Area of one wiper sweep = Sector area = (θ/360) × πr²
Step 1: One wiper = (115/360) × 3.14 × 25² = (115/360) × 3.14 × 625
Step 2: = (115 × 1962.5) / 360 = 225687.5 / 360 ≈ 627.465 cm²
Step 3: Two wipers = 2 × 627.465 = 1254.93 cm² ≈ 1254.9 cm²
12To warn ships for underwater rocks, a lighthouse spreads a red coloured light over a sector of angle 80° to a distance of 16.5 km. Find the area of the sea over which the ships are warned. (Use π = 3.14)
Area = (θ/360) × πr²
Step 1: Area = (80/360) × 3.14 × (16.5)² = (2/9) × 3.14 × 272.25
Step 2: = (2 × 3.14 × 272.25) / 9 = 1709.73 / 9
Step 3: = 189.97 km²
13A round table cover has six equal designs as shown in Fig. 11.11. If the radius of the cover is 28 cm, find the cost of making the designs at the rate of ₹0.35 per cm². (Use √3 = 1.7)

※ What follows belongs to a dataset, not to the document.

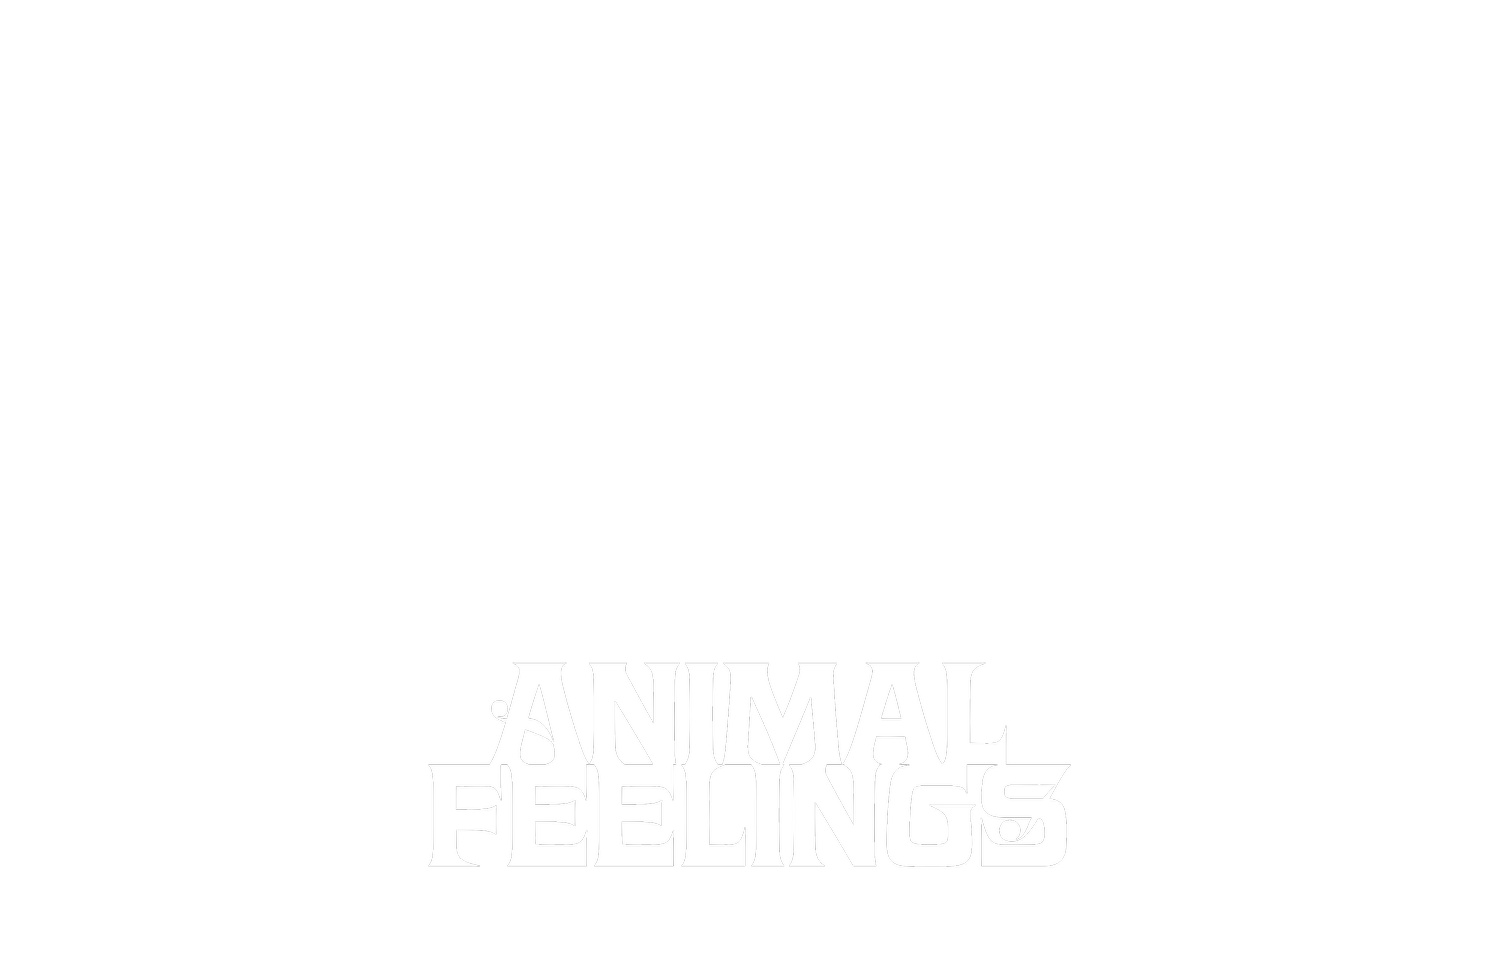 ANIMAL FEELINGS

6 designs → 6 segments | Each central angle = 360°/6 = 60°
Step 1: Area of one sector = (60/360) × (22/7) × 28² = (1/6) × (22/7) × 784 = 410.67 cm²
Step 2: Area of equilateral Δ = (√3/4) × 28² = (1.7/4) × 784 = 333.2 cm²
Step 3: One segment = 410.67 − 333.2 = 77.47 cm²
Step 4: 6 segments = 6 × 77.47 = 464.8 cm²
Step 5: Cost = 464.8 × 0.35 = ₹162.68... wait, let me recalculate
Recalc: Sector = (1/6)×22×112 = 2464/6 = 410.67 | Δ = 1.7×196 = 333.2 | Segment = 77.47 | 6×77.47=464.82 | Cost=162.69
Correct: Using exact: Sector=1232/3, Δ=333.2, Segment=77.47, Total=464.82, Cost=₹162.69
14Tick the correct answer: Area of a sector of angle p (in degrees) of a circle with radius R is:
Area of Sector = (θ/360) × πr² → Here θ = p, r = R
Step 1: The standard formula for sector area with angle p° and radius R is:
Step 2: Area = (p/360) × πR²
Step 3: This matches Option B
Note: Option A gives arc length (wrong multiplier), C gives arc length formula, D is incorrect.